Uw afspraak met de gynaecoloog
Tijdens uw afspraak heeft een gesprek met de gynaecoloog. De gynaecoloog zal u een aantal vragen stellen en informatie geven over:
- Afwijkende uitstrijkjes
- De colposcopie
- De (eventuele) behandeling
- Het vervolgtraject
Aarzel niet om vragen te stellen.
Vervolgens onderzoekt de gynaecoloog uw baarmoederhals. Dit onderzoek heet een colposcopie.
Colposcopie
Tijdens de colposcopie kijkt de gynaecoloog met een microscoop naar uw baarmoederhals om eventuele afwijkingen op te sporen. U ligt in een gynaecologische stoel. De gynaecoloog brengt een spreider (ook wel eendenbek genoemd) in de vagina, net als bij het maken van een uitstrijkje. Dit kan een onplezierig gevoel geven.
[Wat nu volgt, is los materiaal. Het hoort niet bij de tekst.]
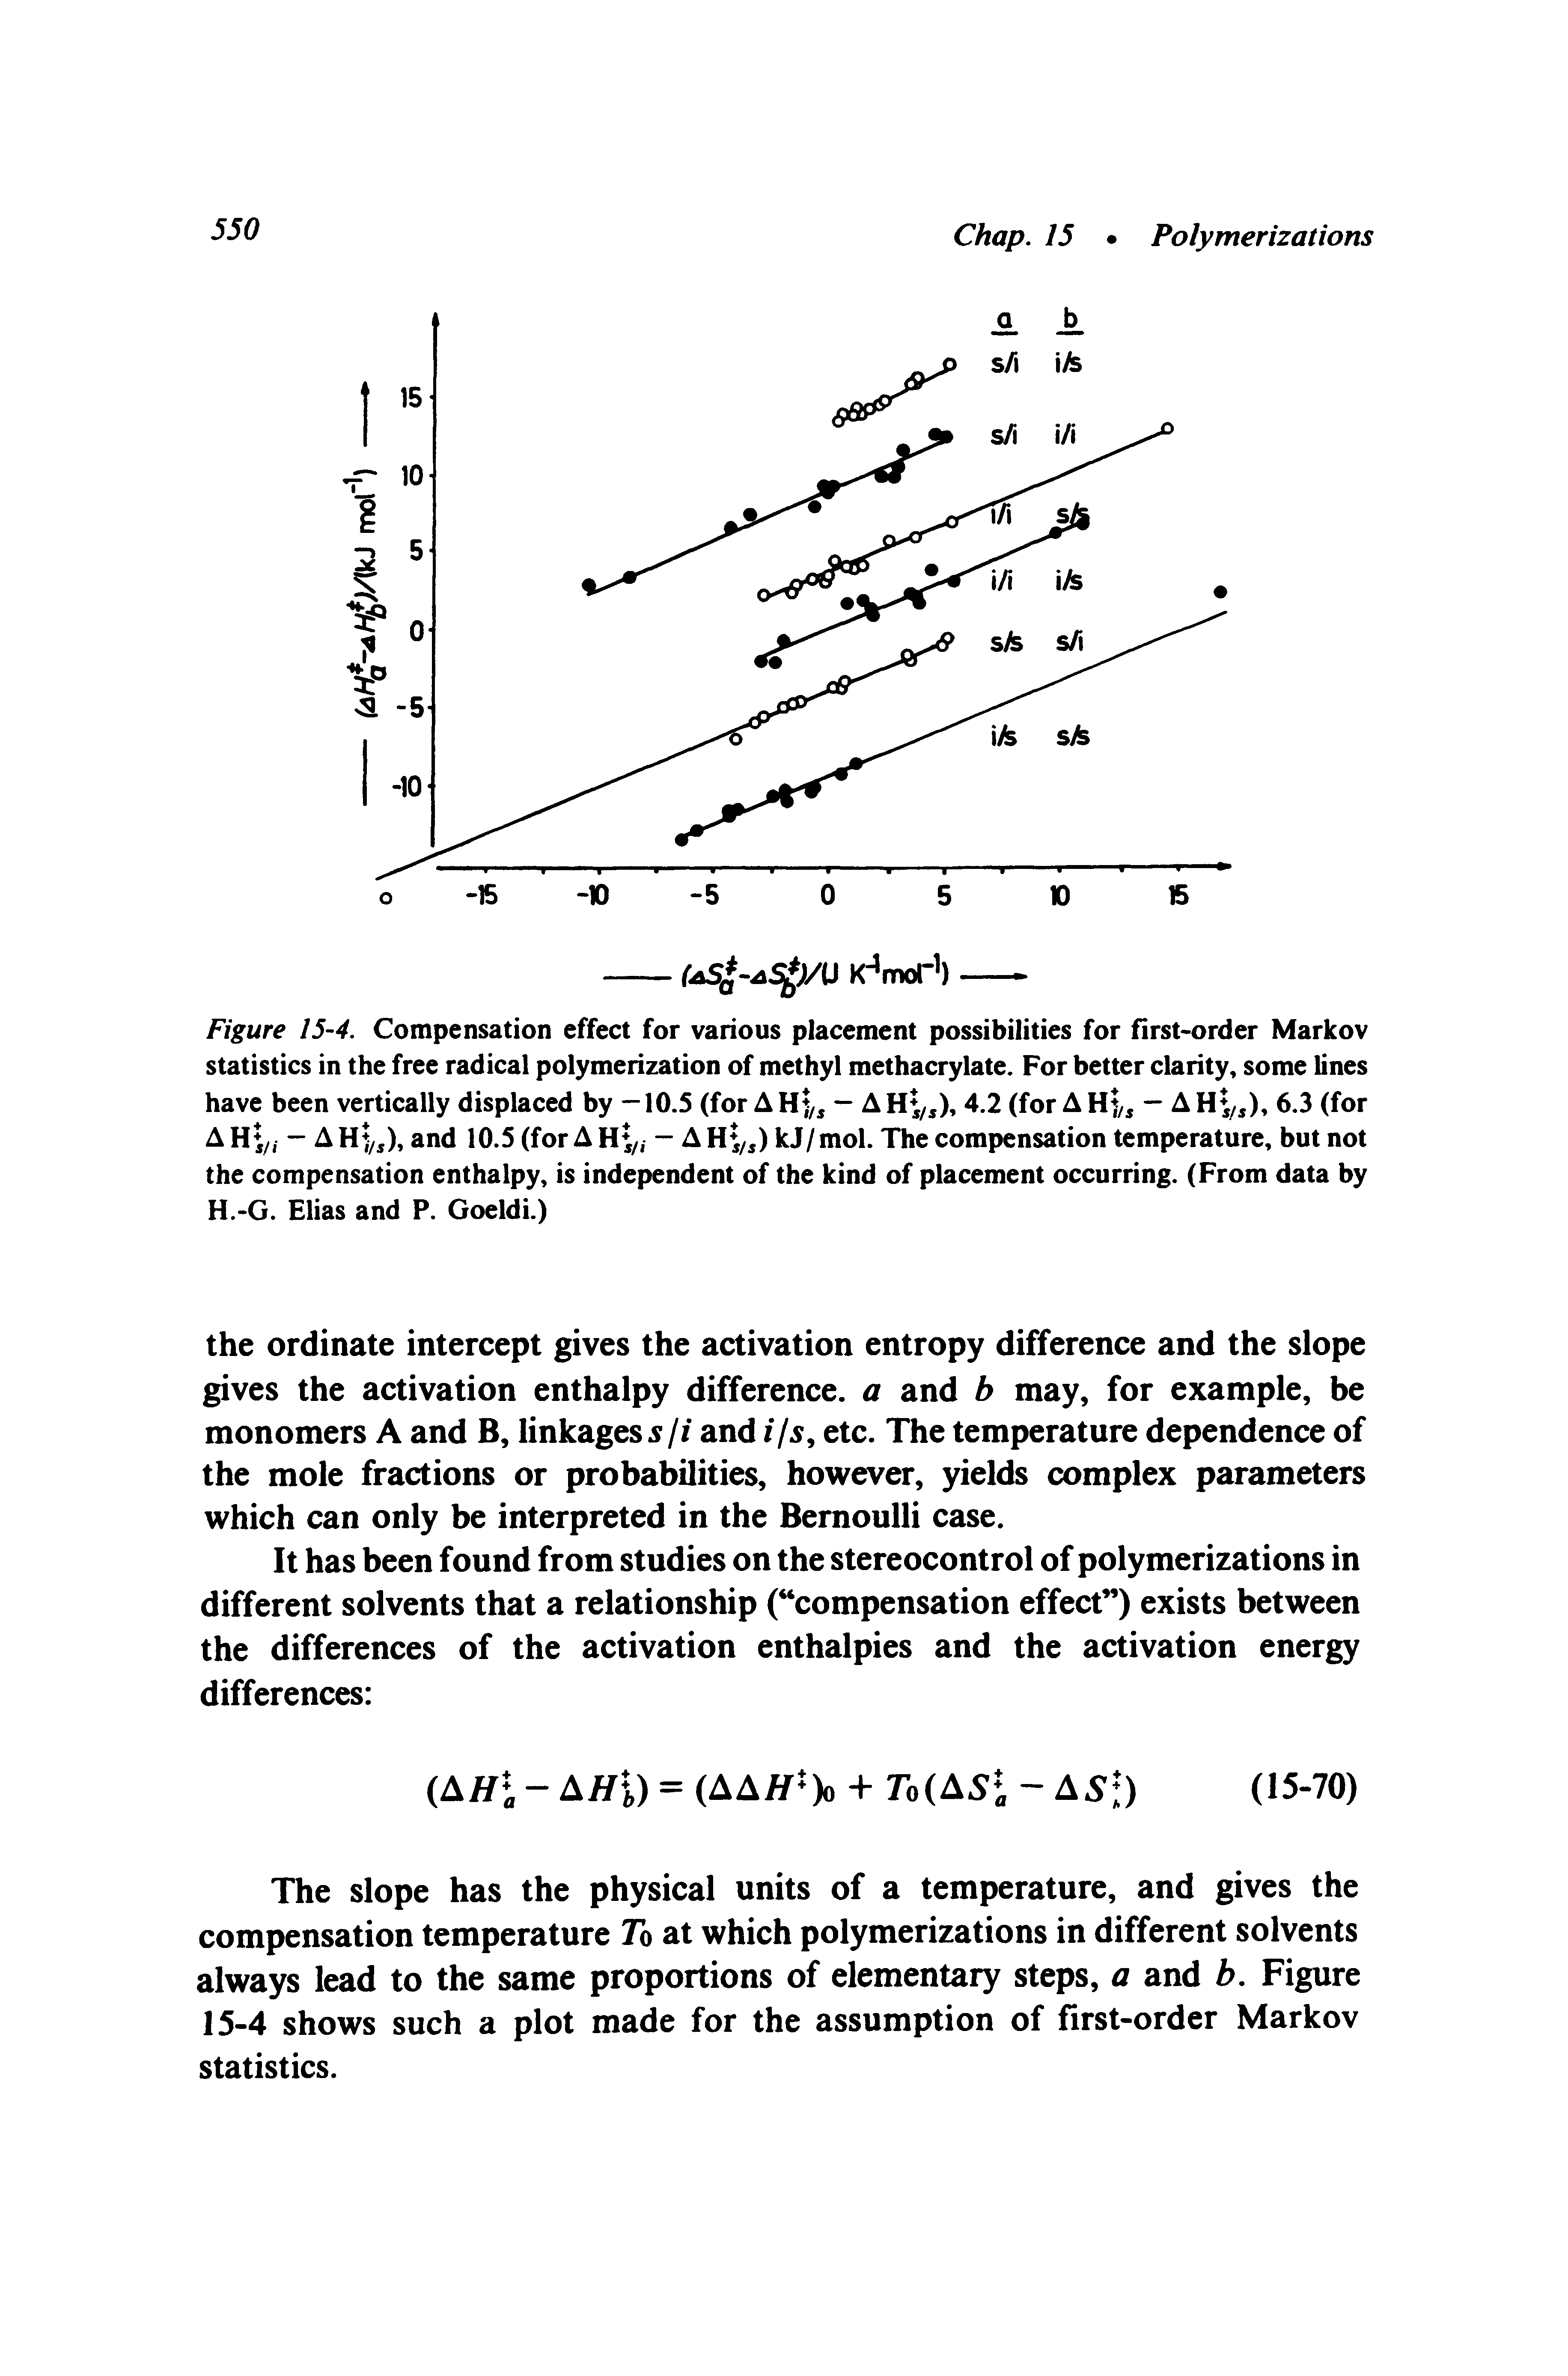 Figure 15-4. Compensation effect for various placement possibilities for first-order Markov statistics in the free radical polymerization of methyl methacrylate. For better clarity, some lines have been vertically displaced by -10.5 (for AHj/, - AH /,), 4.2 (for AH, - AH /,), 6.3 (for A H /, - A H /,), and 10.5 (for A H /, - A H /,) kJ/mol. The compensation temperature, but not the compensation enthalpy, is independent of the kind of placement occurring. (From data by H.-G. Elias and P. Goeldi.)...

Voor de ingang van de vagina plaatst de gynaecoloog een microscoop met fel licht. Dit is de colposcoop. De gynaecoloog kan zo goed naar de baarmoederhals en de vagina kijken. Om meer details te kunnen zien, brengt de gynaecoloog één of meerdere kleurstoffen op de baarmoederhals aan:
- De ene kleurstof is azijnzuur, dit kunt u soms wat ruiken. Sommige vrouwen voelen de vloeistof wat prikken.
- De andere kleurstof is lugol. Een geurloze bruine kleurstof die jodium bevat. Bent u allergisch voor jodium? Laat het uw gynaecoloog weten.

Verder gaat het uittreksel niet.